■ **Exercise data**
════════════════════

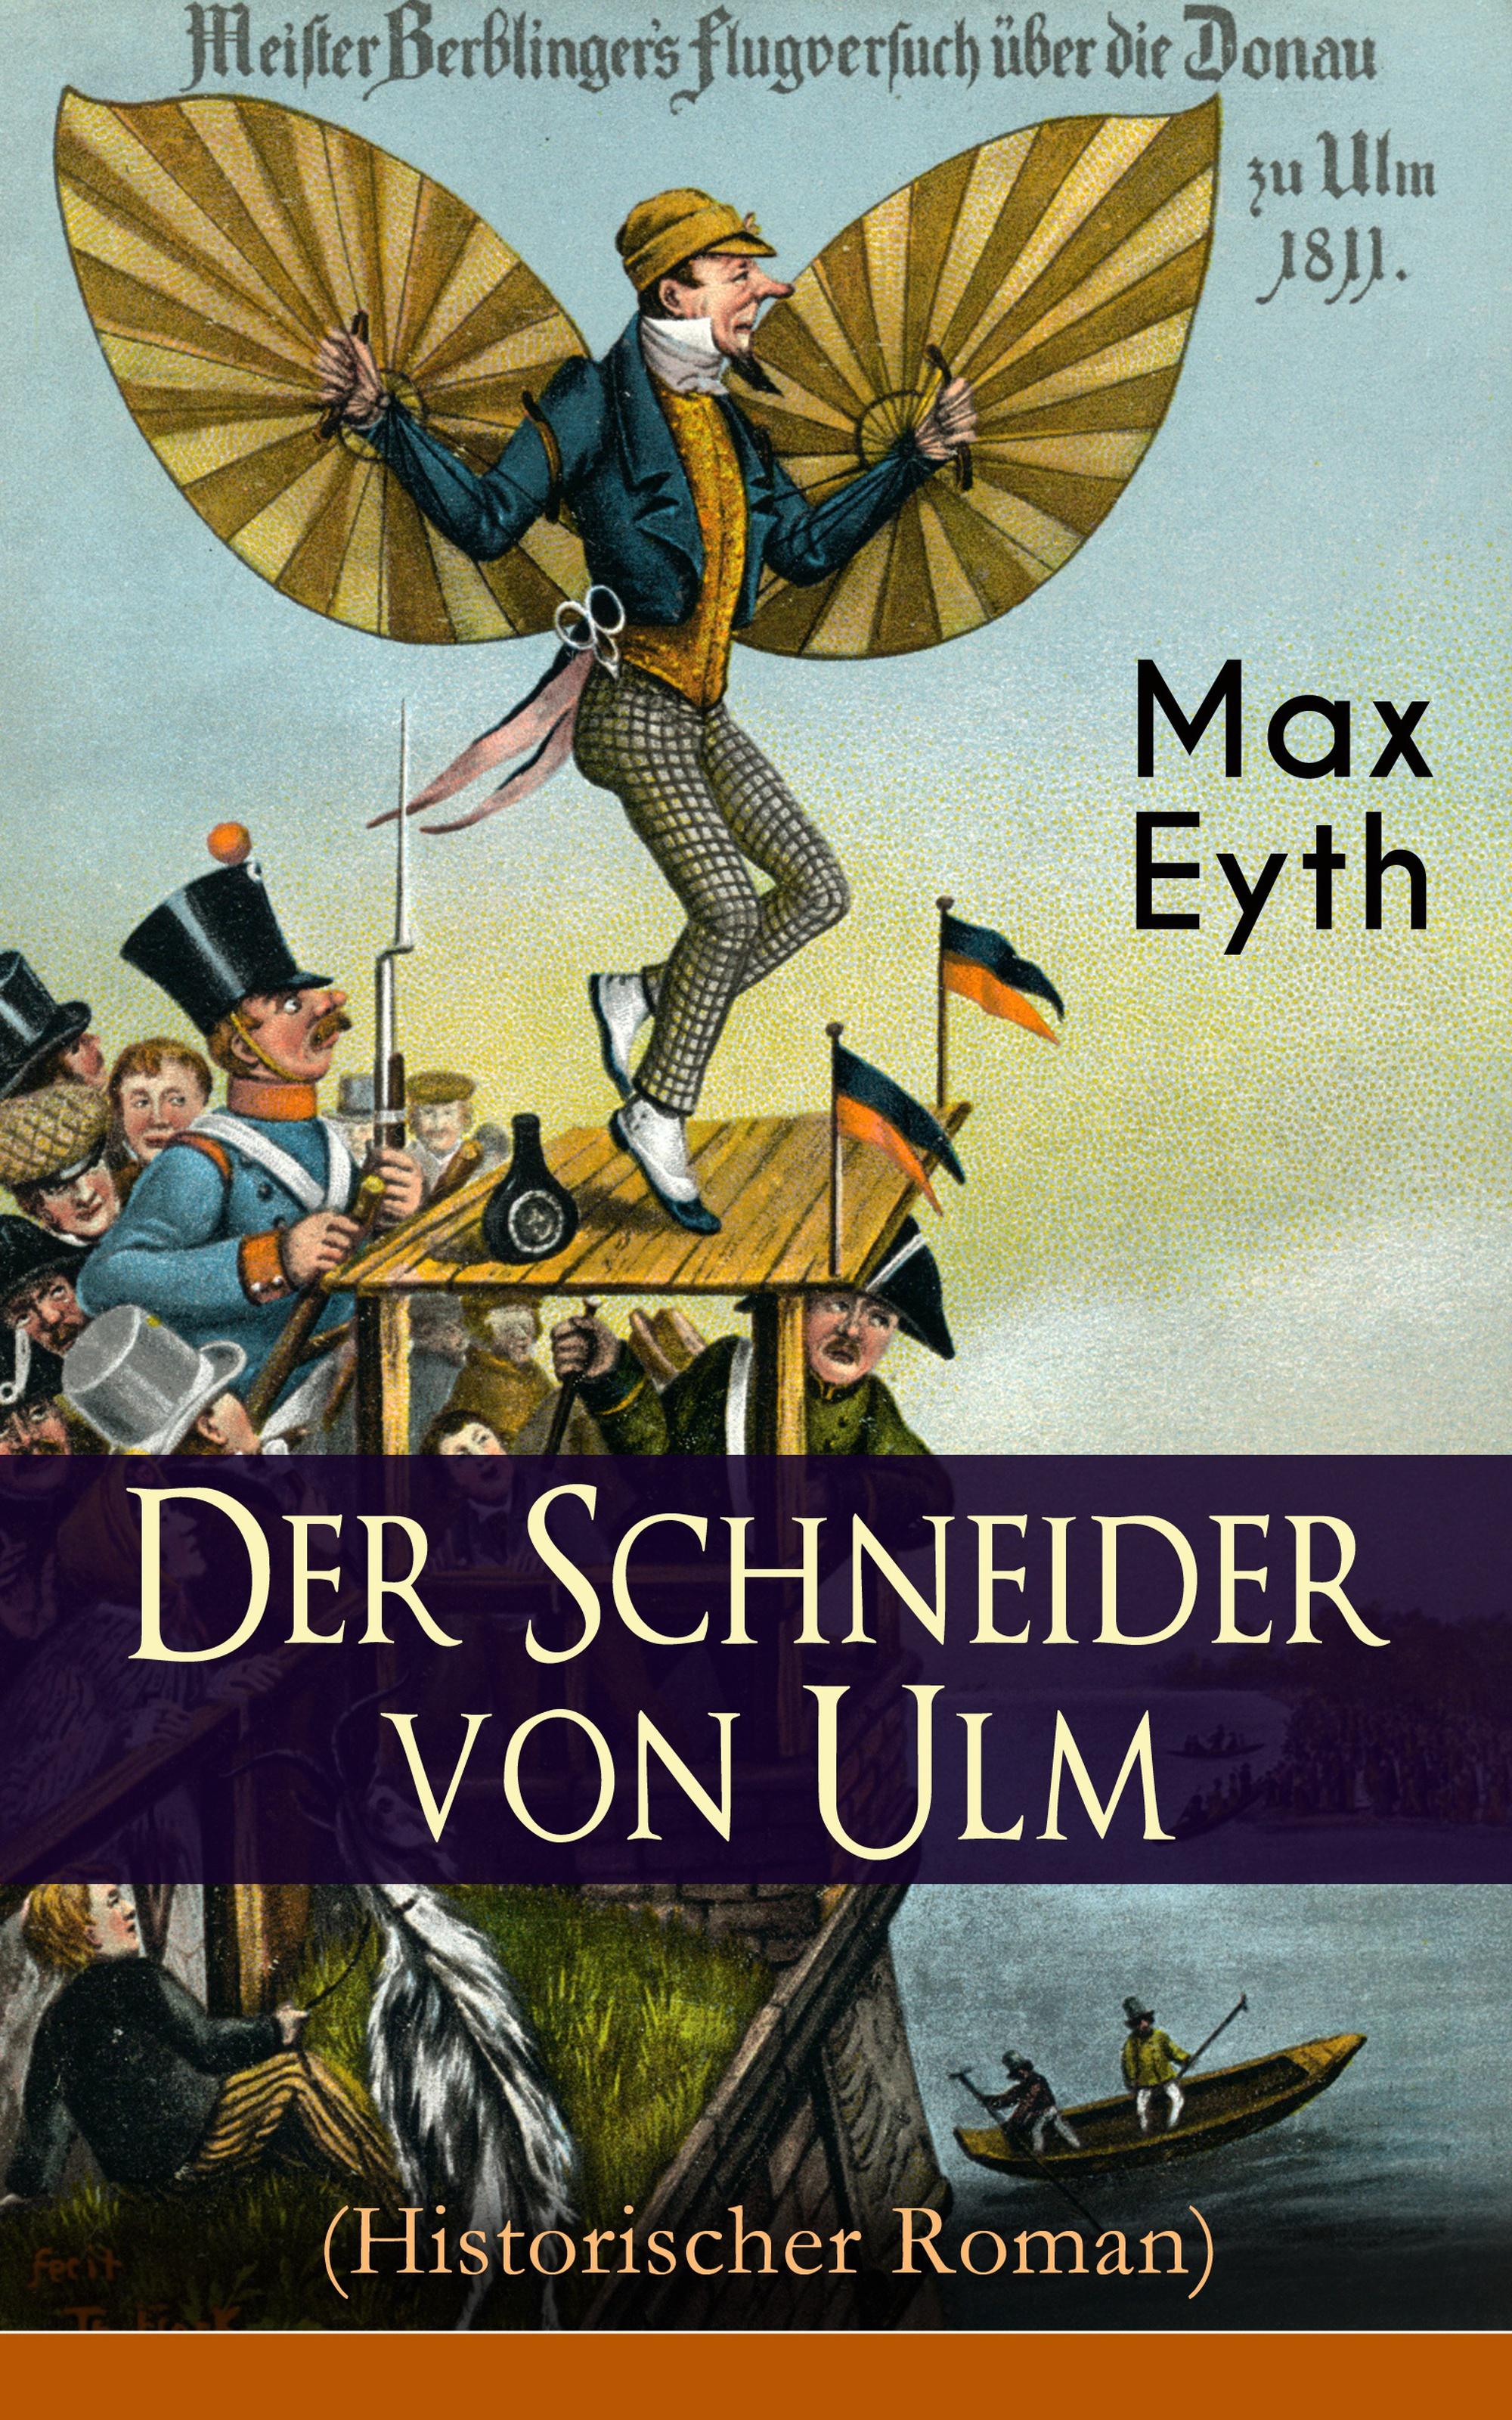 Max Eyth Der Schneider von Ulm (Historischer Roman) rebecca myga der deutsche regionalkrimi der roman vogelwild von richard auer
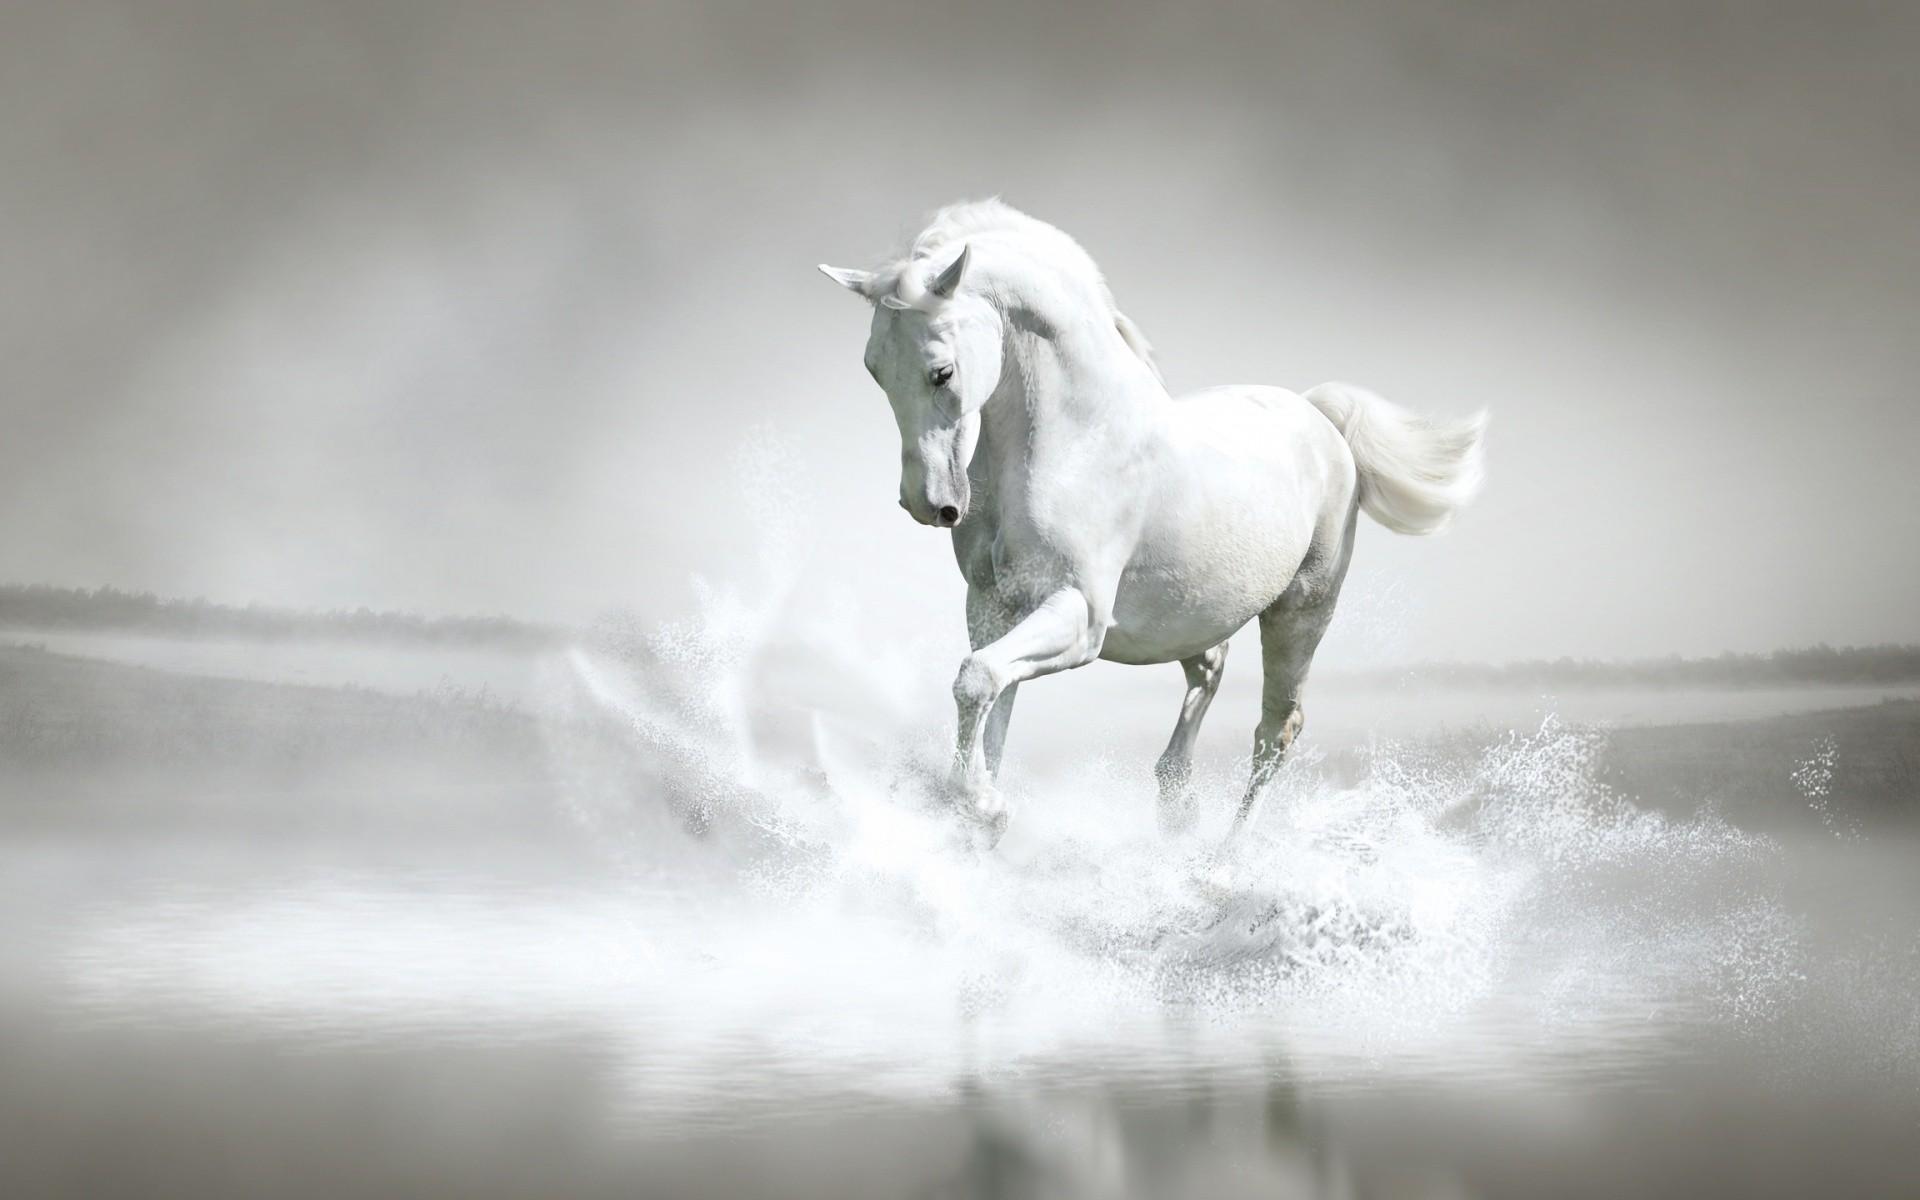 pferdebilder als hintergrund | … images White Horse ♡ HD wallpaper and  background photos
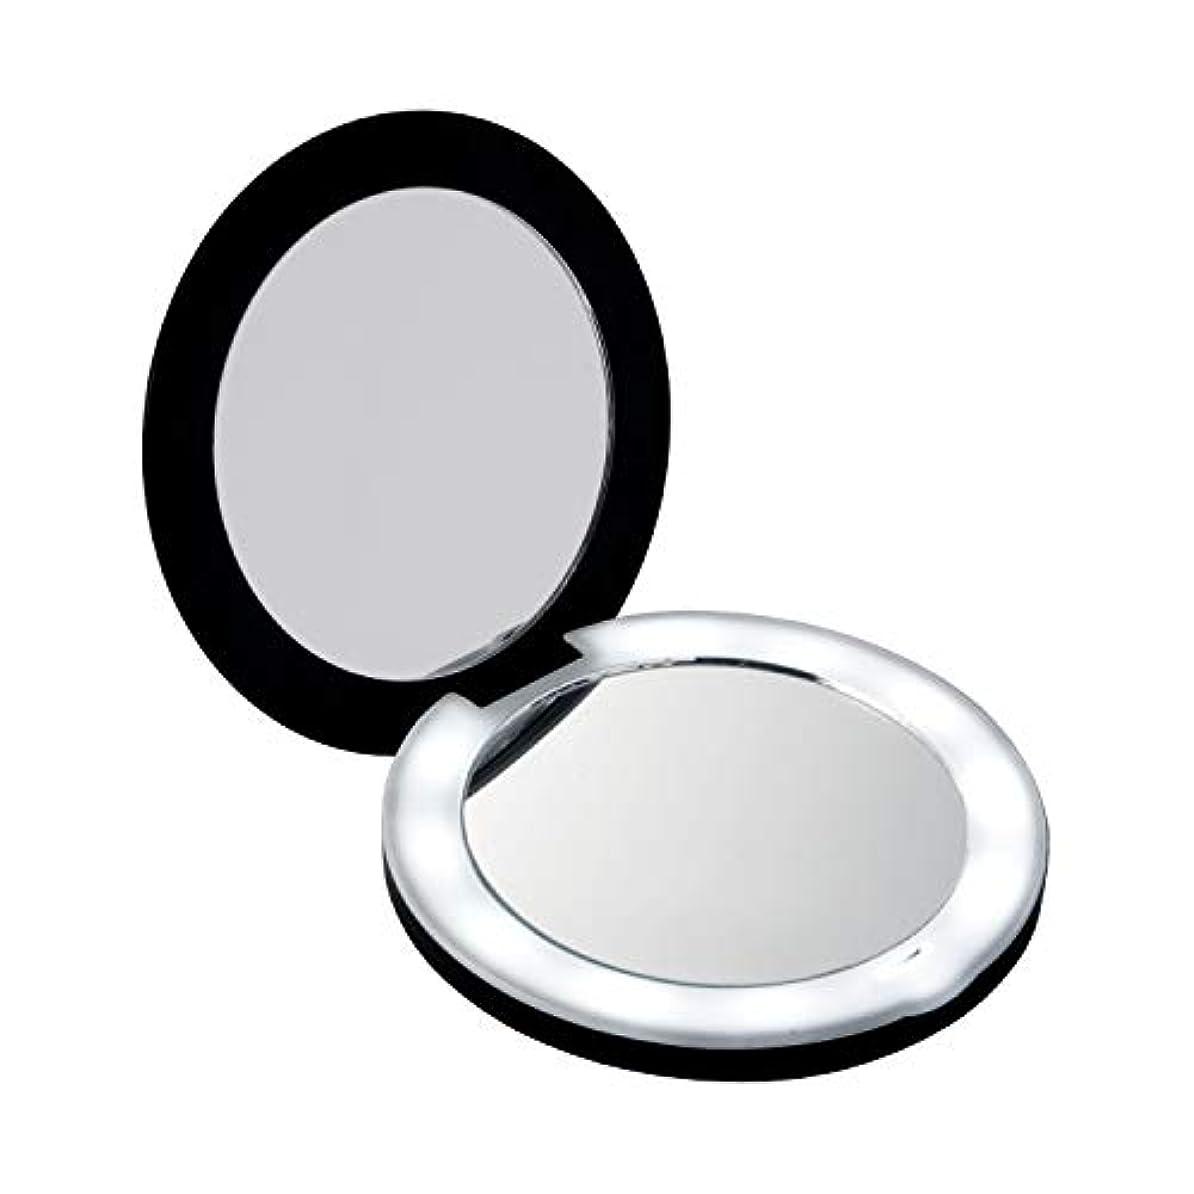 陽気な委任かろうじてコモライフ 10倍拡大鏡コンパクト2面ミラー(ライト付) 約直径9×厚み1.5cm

════════════════════

■ **Exercise prompt**
Please write out exactly the lines from the one holding "pferdebilder als hintergrund" through the last line of the material above, both included, as a copy without pictures.

■ **Solution below**
 pferdebilder als hintergrund | … images White Horse ♡ HD wallpaper and  background photos
 陽気な委任かろうじてコモライフ 10倍拡大鏡コンパクト2面ミラー(ライト付) 約直径9×厚み1.5cm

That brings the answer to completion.